Now I'll explain what I mean by "not seeing the warning bar". Regularly, the Settings > Data usage screen looks like this.

normal data usage

You can visibly see the warning bar, and that it is set to 4.7 GB.

Now, the Settings > Data usage screen on my device looks like this:

buggy data usage

As you can see, there is no warning bar, and also no greenish graph that shows my recent cellular data usage.

How it happened, you ask? Well, it's a (more than a-) little silly. Usually, to change the warning bar, you hold on to it by pressing it, and then you slide up or down to increase or decrease the warning limit. I got a little bored I guess, pressed the warning bar, and started to continually raise it, as I was interested in the upper limit that Google enables. I took some time, but After getting to between 1.0E8 and 1.0E9 (it was hard to tell, since that number was rapidly increasing on my screen), it went back to 0, and started increasing from 0 again.

I was satisfied with my discovery, and wanted to try to stop the warning bar as close as possible before it resets to 0. After a few attempts where I came closer to achieving my goal, I accidentally lifted up my finger a bit while I was increasing the warning bar's limit.

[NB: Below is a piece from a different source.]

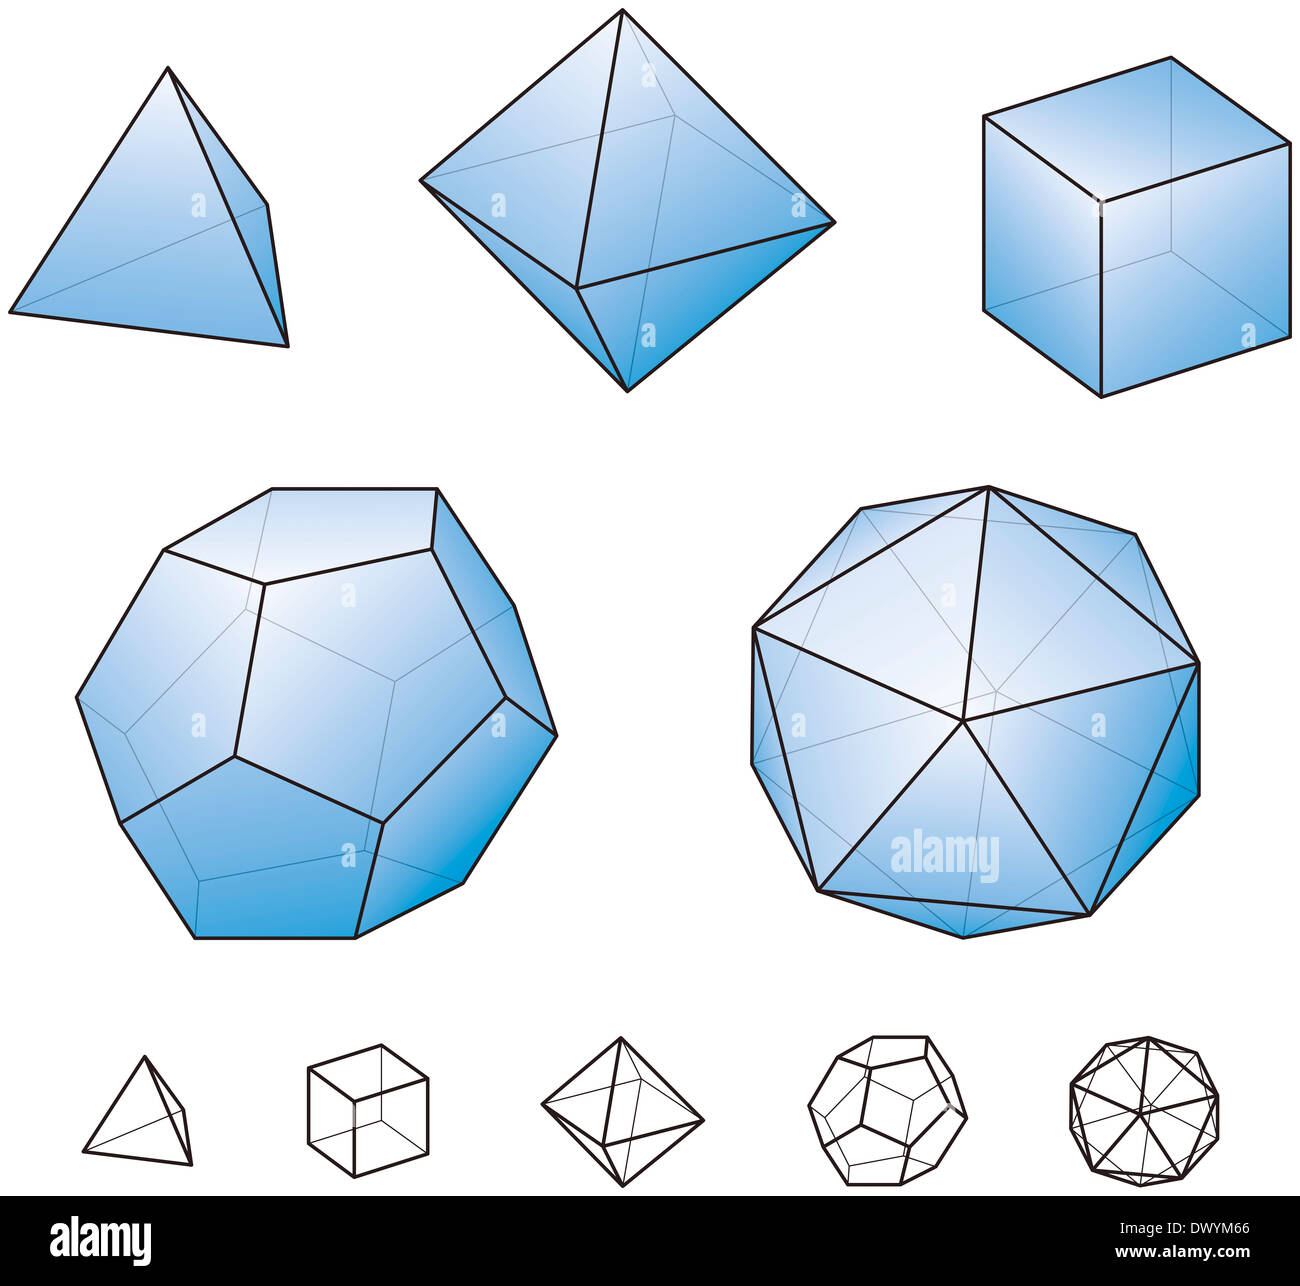 Solides de Platon avec surfaces bleu - polyèdres convexes réguliers, en géométrie euclidienne Banque D'Images

At 'normal' limits, nothing happens, and you can continue changing the limit afterwards. But when I lifted my finger up, my limit was in the range of tens of millions of GB. And when I lifted it in the middle of continually increasing the warning bar, the bar just disappeared, and with it, the graph.

My guess is that the bar was set so high, so the amounts of cellular data I use are insignificant compared to it, and that's way no graph is shown. But why can't I see the warning bar?

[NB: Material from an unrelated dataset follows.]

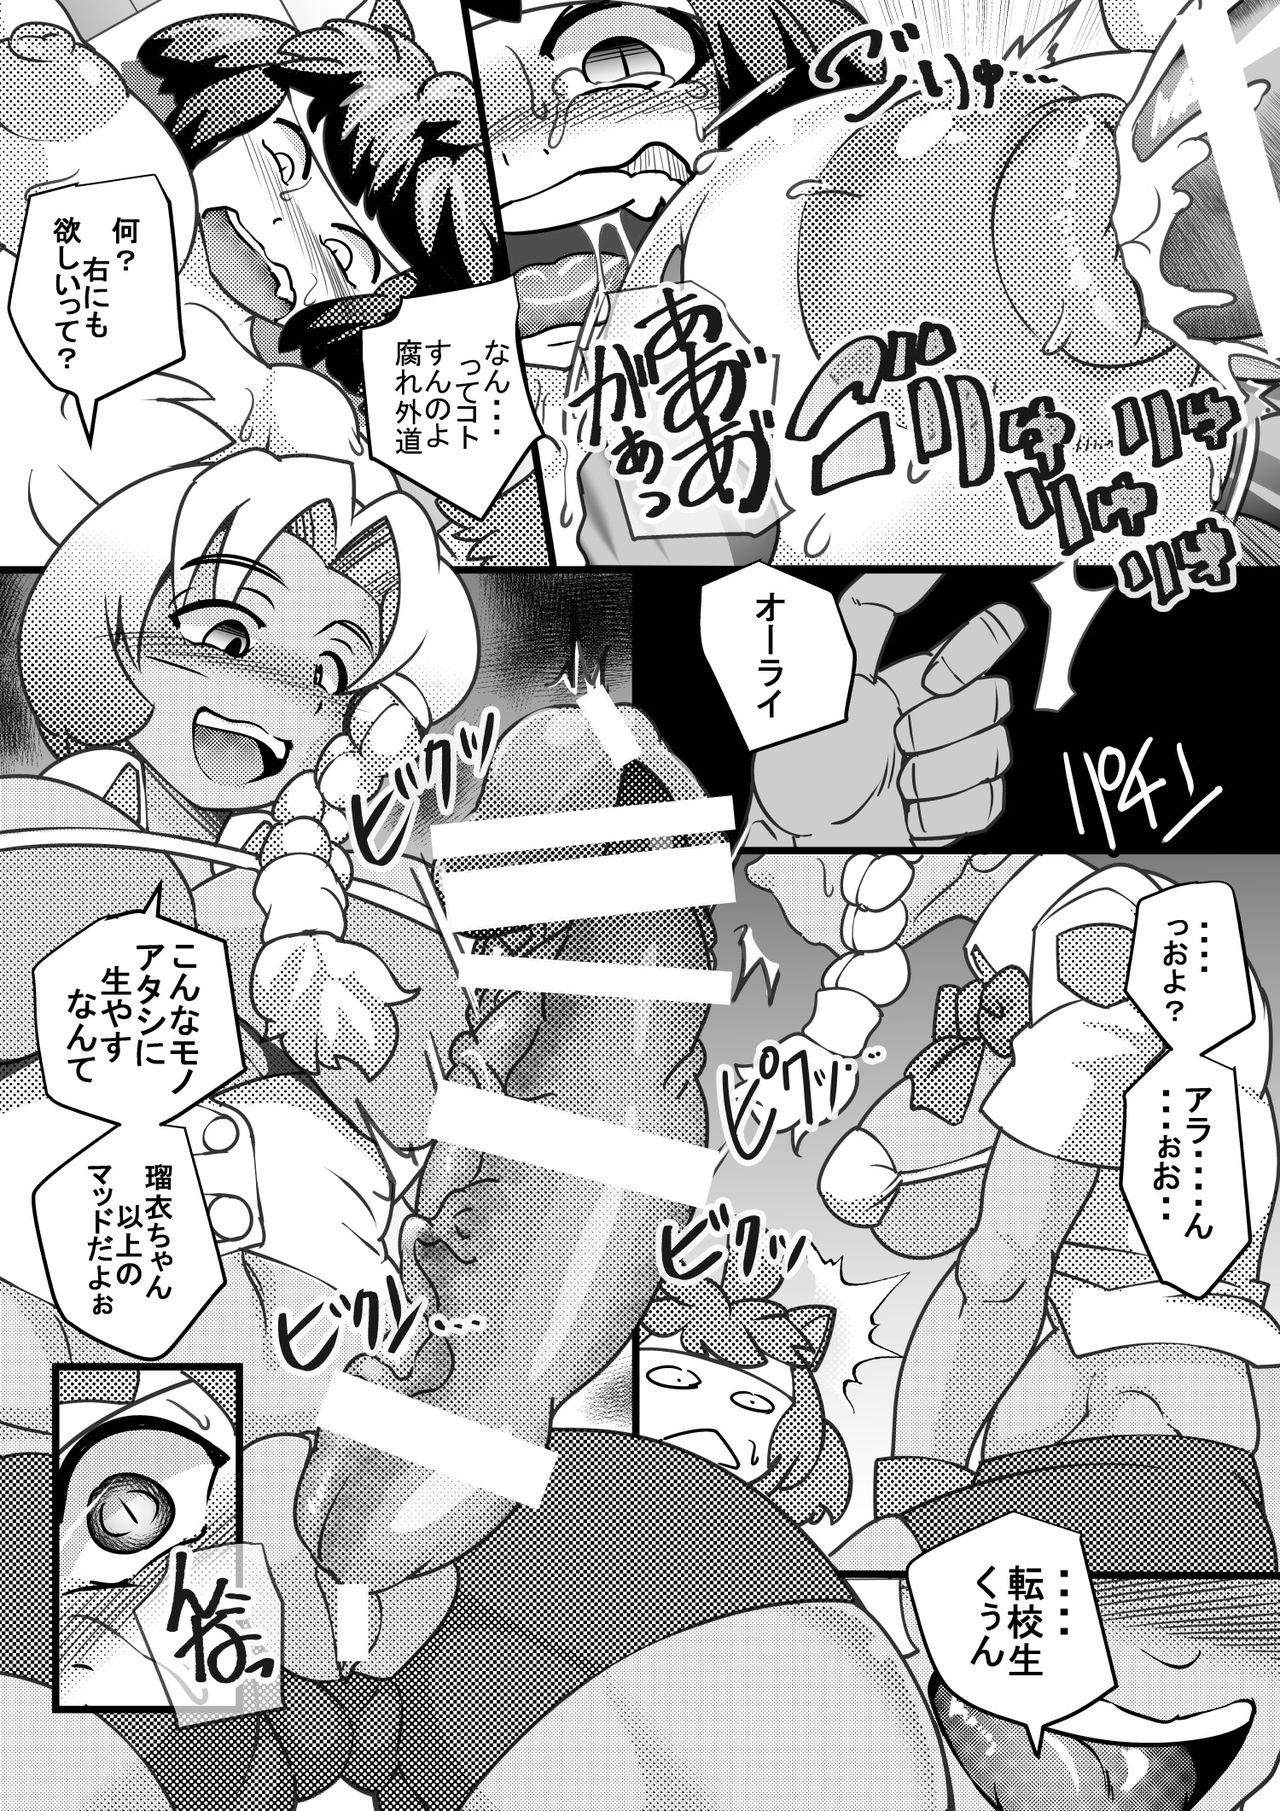 Domination Uchi no Joseito Zenin Haramaseta Kedamono ga Anta no Gakuen ni Iku Rashii yo? 4 Butts - Page 6

Anyway, this happened a few months ago, when my Android version was 5.0. I searched on this issue, but haven't found anyone else that encountered my problem. Also, before posting this question, I tried to reenact my scenario on another friend's Nexus 5 (running Android 5.1.1), to maybe gain more information about what happened on my device. A minute of experimenting later, his warning bar vanished too.

Any idea how can I resurrect the warning bar? (preferably without rooting the device or another 'drastic measure')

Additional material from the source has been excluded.